Margot Anne Kelley Margot Anne Kelley is an artist and educator who splits her time between Maine and Massachusetts, where she is currently a member of the photography department at the Art Institute of Boston. Her work often combines photography, writing, and locative media in ways that provoke new engagements with place. She concentrates on understanding and making artworks which reveal a deep engagement with the world at large, and encourages her students to cultivate a similar pleasure in following their curiosity. Her book Local Treasures: Geocaching Across America was published in 2006.
Lisa Martin Martin graduated from Unity College in 2000 with a Bachelor's degree in Interdisciplinary Studies, Art & Literature, receiving the Dean's Award and honorable mention in the humanities. She completed a residency in photography at the Maine Photographic Workshops in 1995, continuing as a course manager, eventually teaching foundation level black and white courses for several years. She has begun a low-residency M.F.A. in Visual Arts program at Vermont College. Also, Martin is an adjunct faculty member at Unity College, teaching black and white photography and art history.
Dianne Eno Dianne Eno is a native New Hampshire artist who began dance training at age three. She studied at the Boston Conservatory of Music and graduated from the University of Massachusetts while pursuing a specialized degree in Choreography and Dance Production under the guidance of Rosalind DeMille. Professional training includes Jacob's Pillow Dance Festival and School and most recently Dance Theater Workshop in NYC, where Ms. Eno was selected as a participant in Bessie Schoenberg's celebrated Choreographer's Lab.

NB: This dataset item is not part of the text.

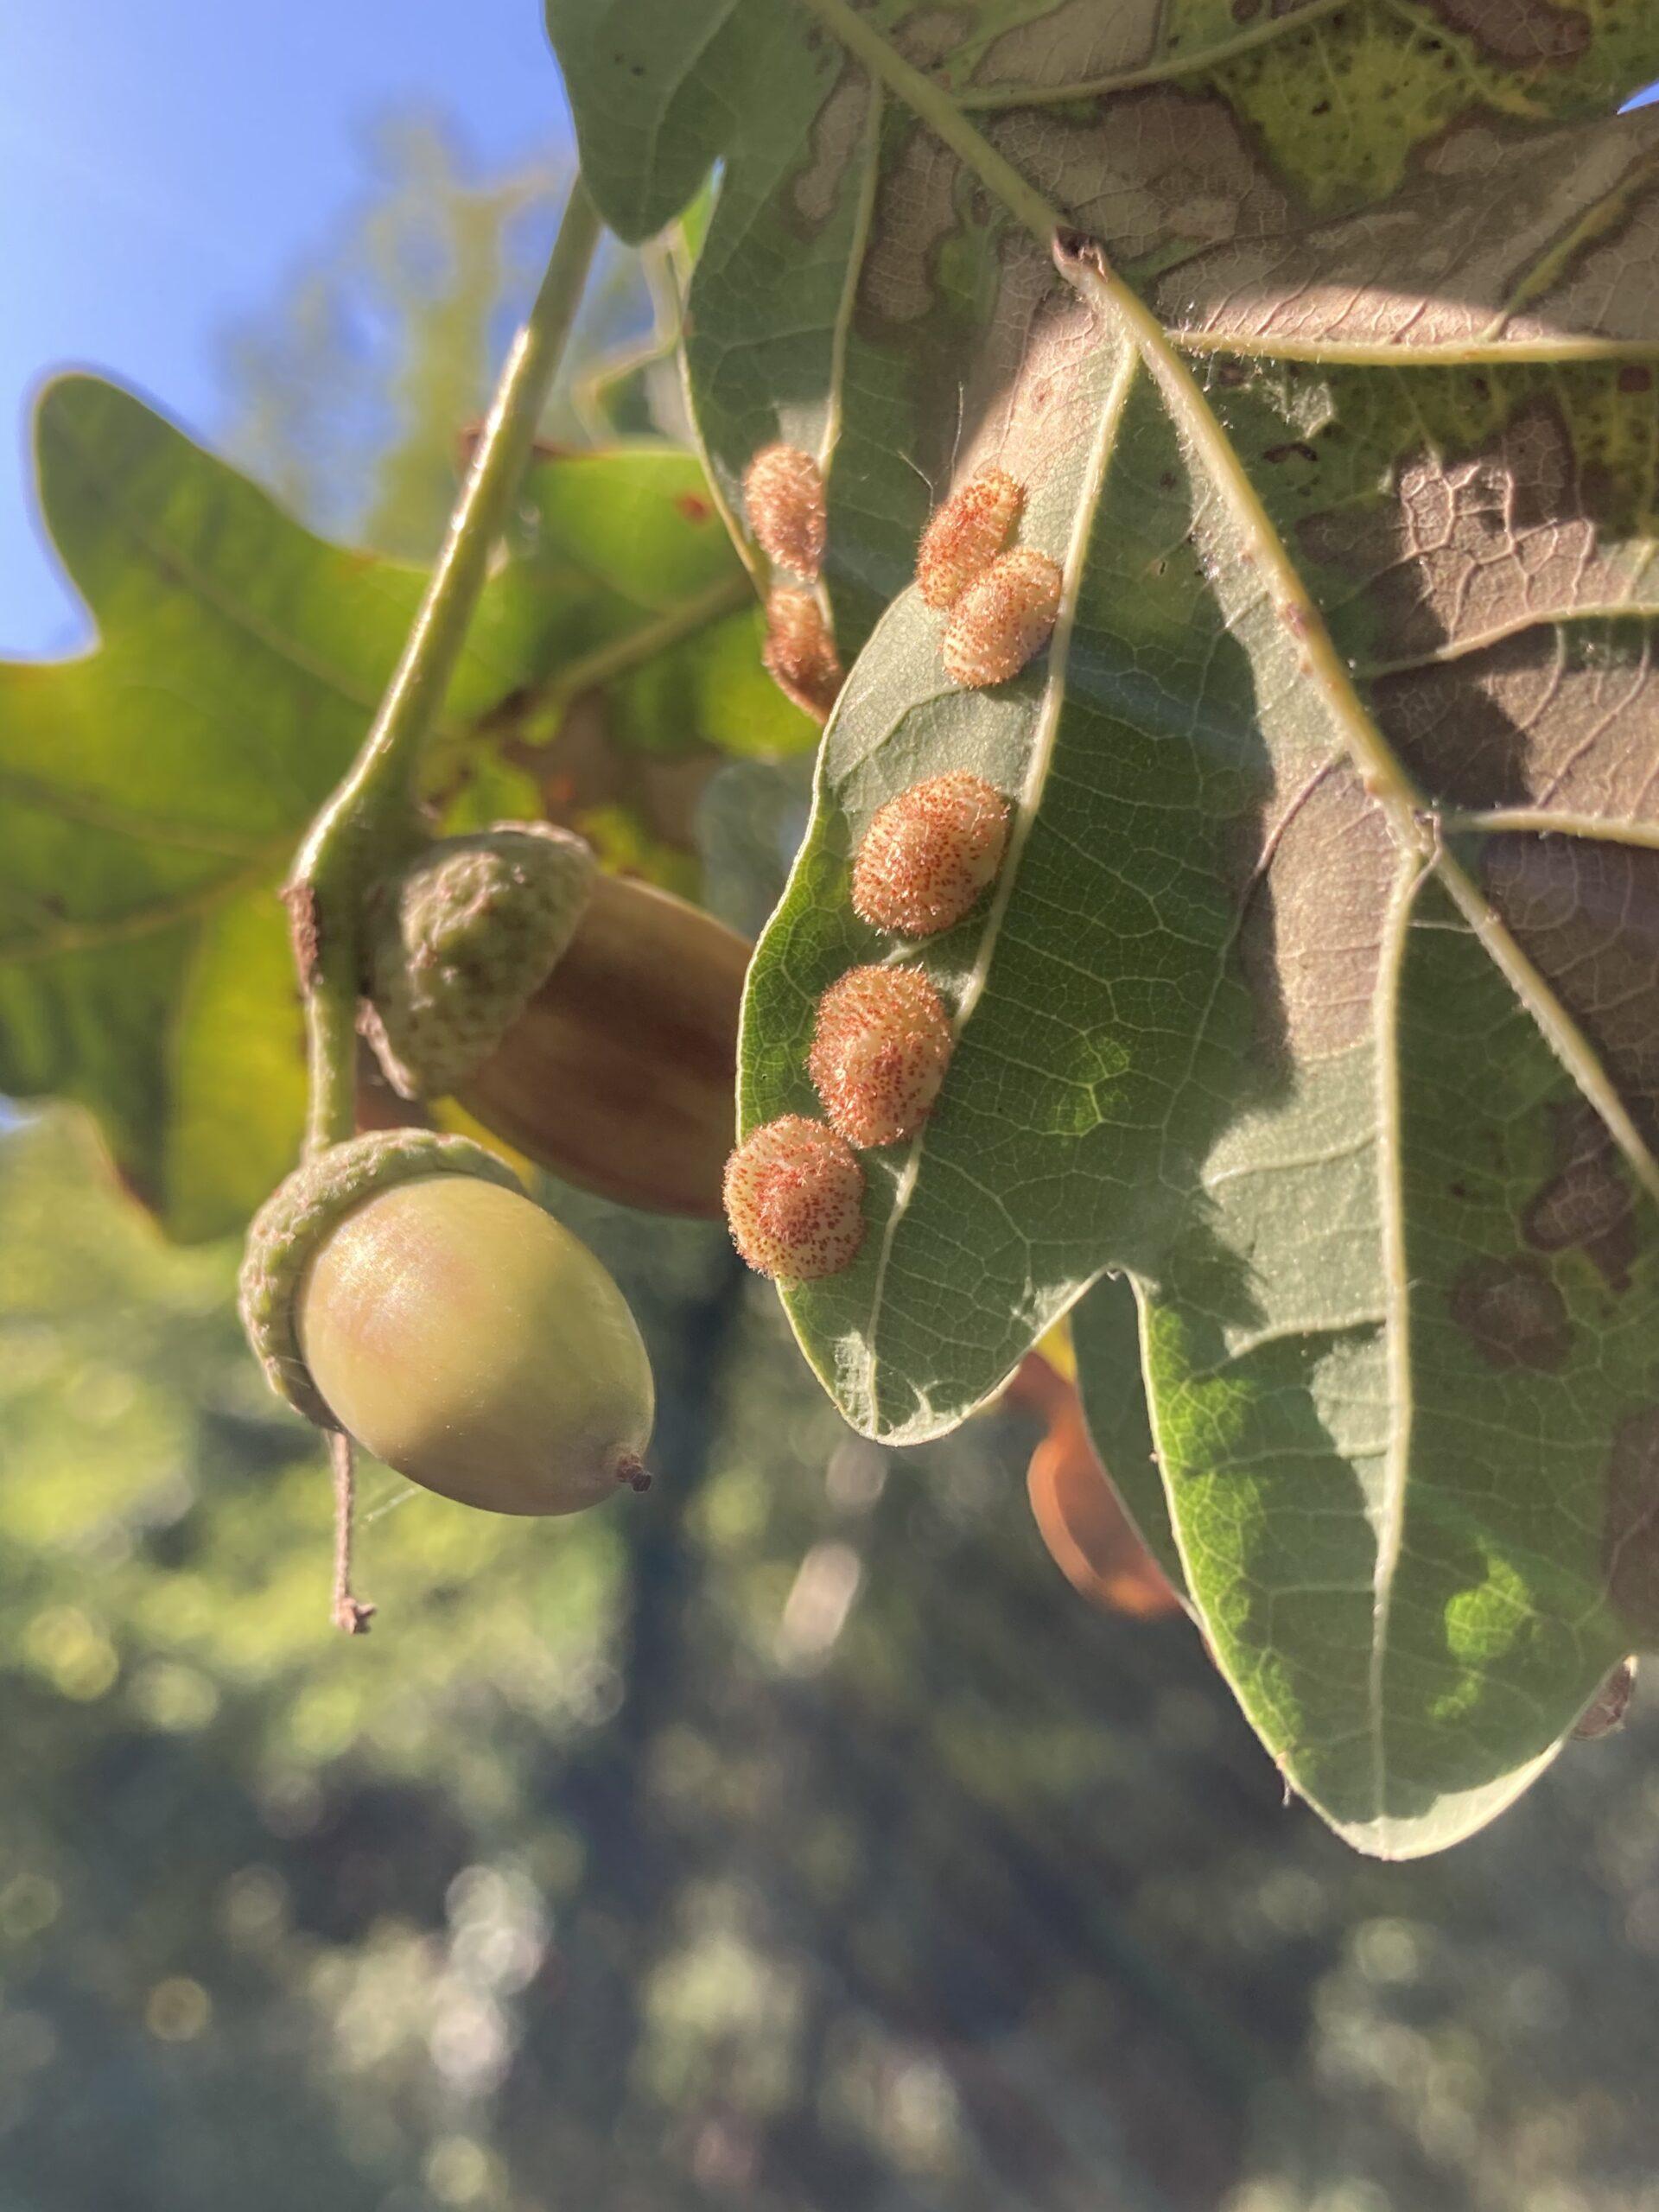 Common spangle gall (Neuroterus quercusbaccarum) oak leaves
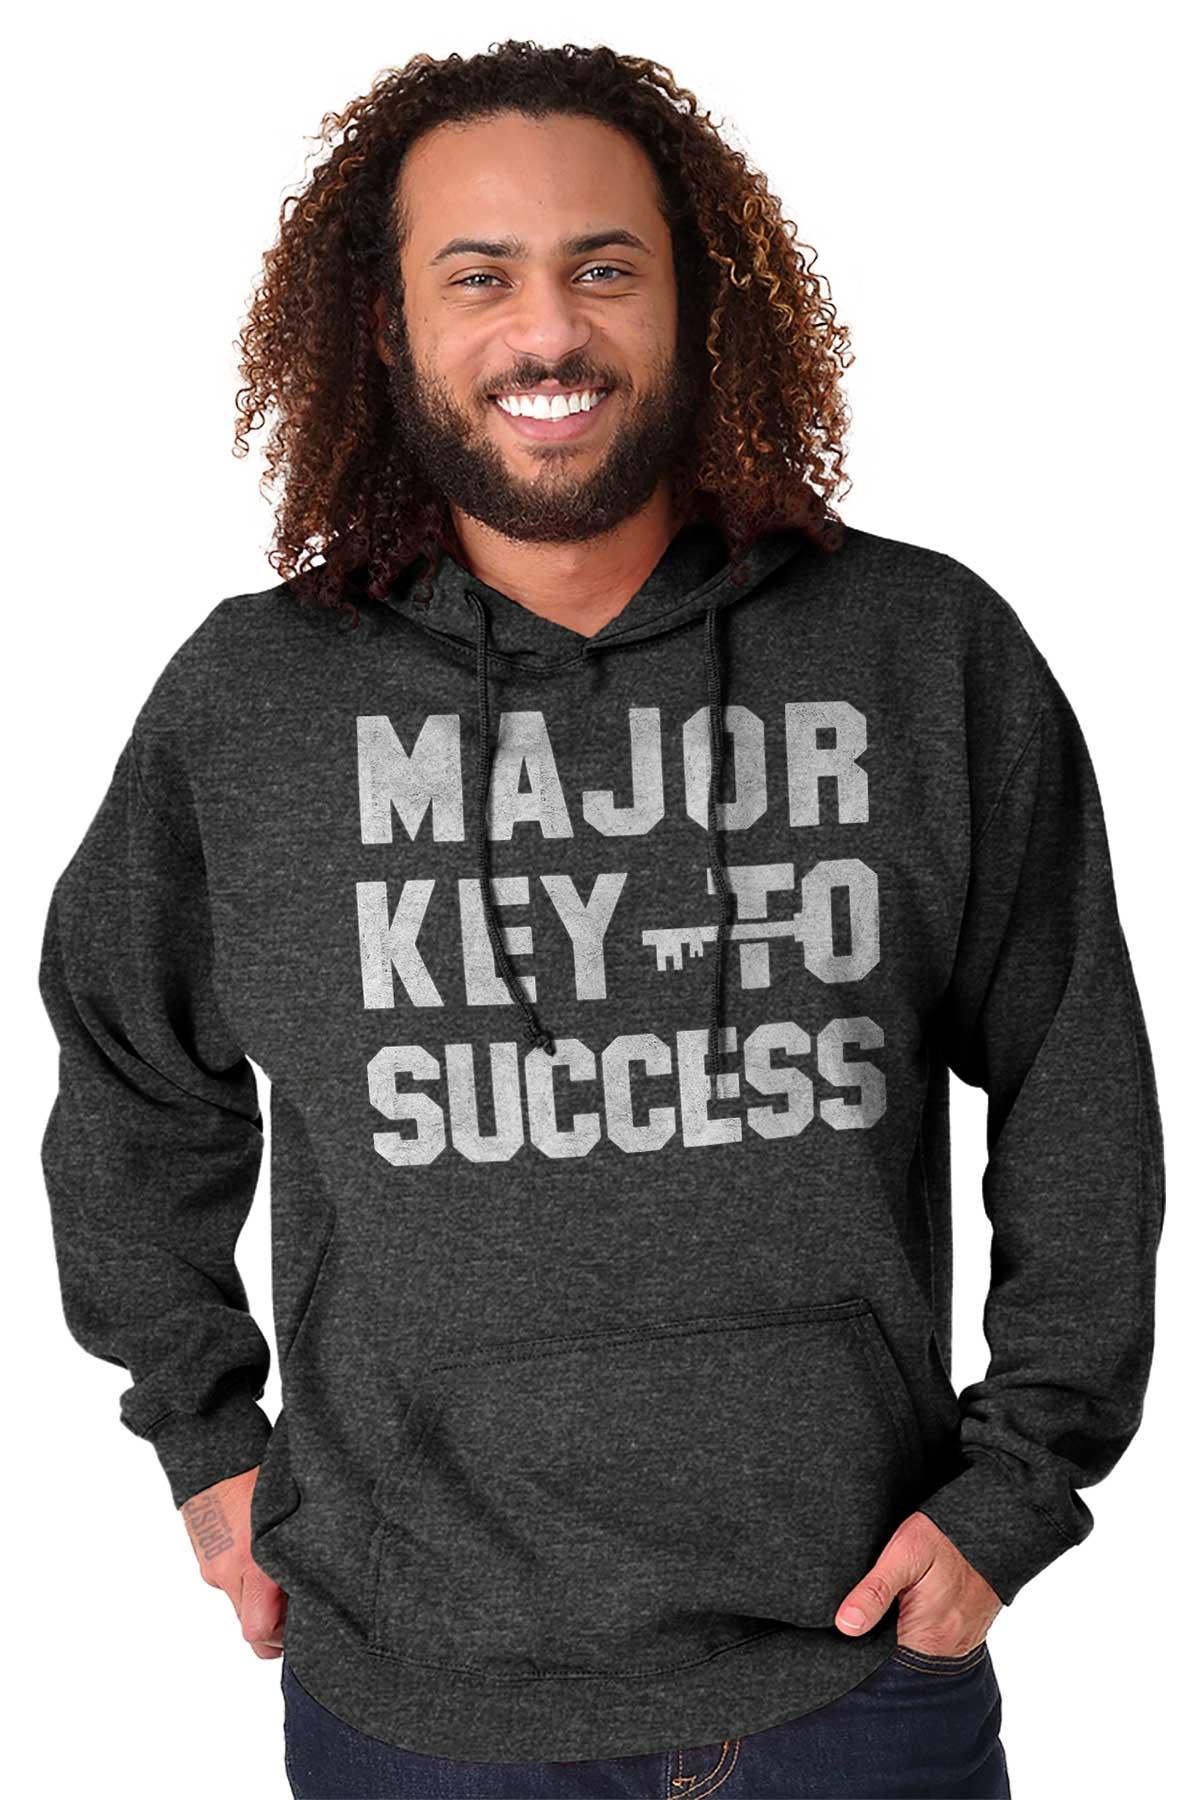 Major Key To Success Funny Hip Hop Rapper Hoodies Sweat Shirts Sweatshirts Ebay

Often staging her dances in unlikely places in the out-of-doors, she and her company have performed her innovative brand of dance on mountain summits, in rivers and streams in forests and along the rugged and rocky coastline of Maine. Other recent performance credits include: commissioned environmental site-specific dance works, "Dances for Sugar River" at the New England Artists Trust IV (Newport,N.H.) and the Manhattan Eco-Fest in NYC. Ms. Eno is authoring the book "Mountain Dance" which will chronicle her nearly twenty years of experiences of dancing on Mt. Monadnock. She has an MA from New York University in NYC, in the study of Environmental Conservation Education/ Environmental Art and is currently a PhD candidate at Antioch University.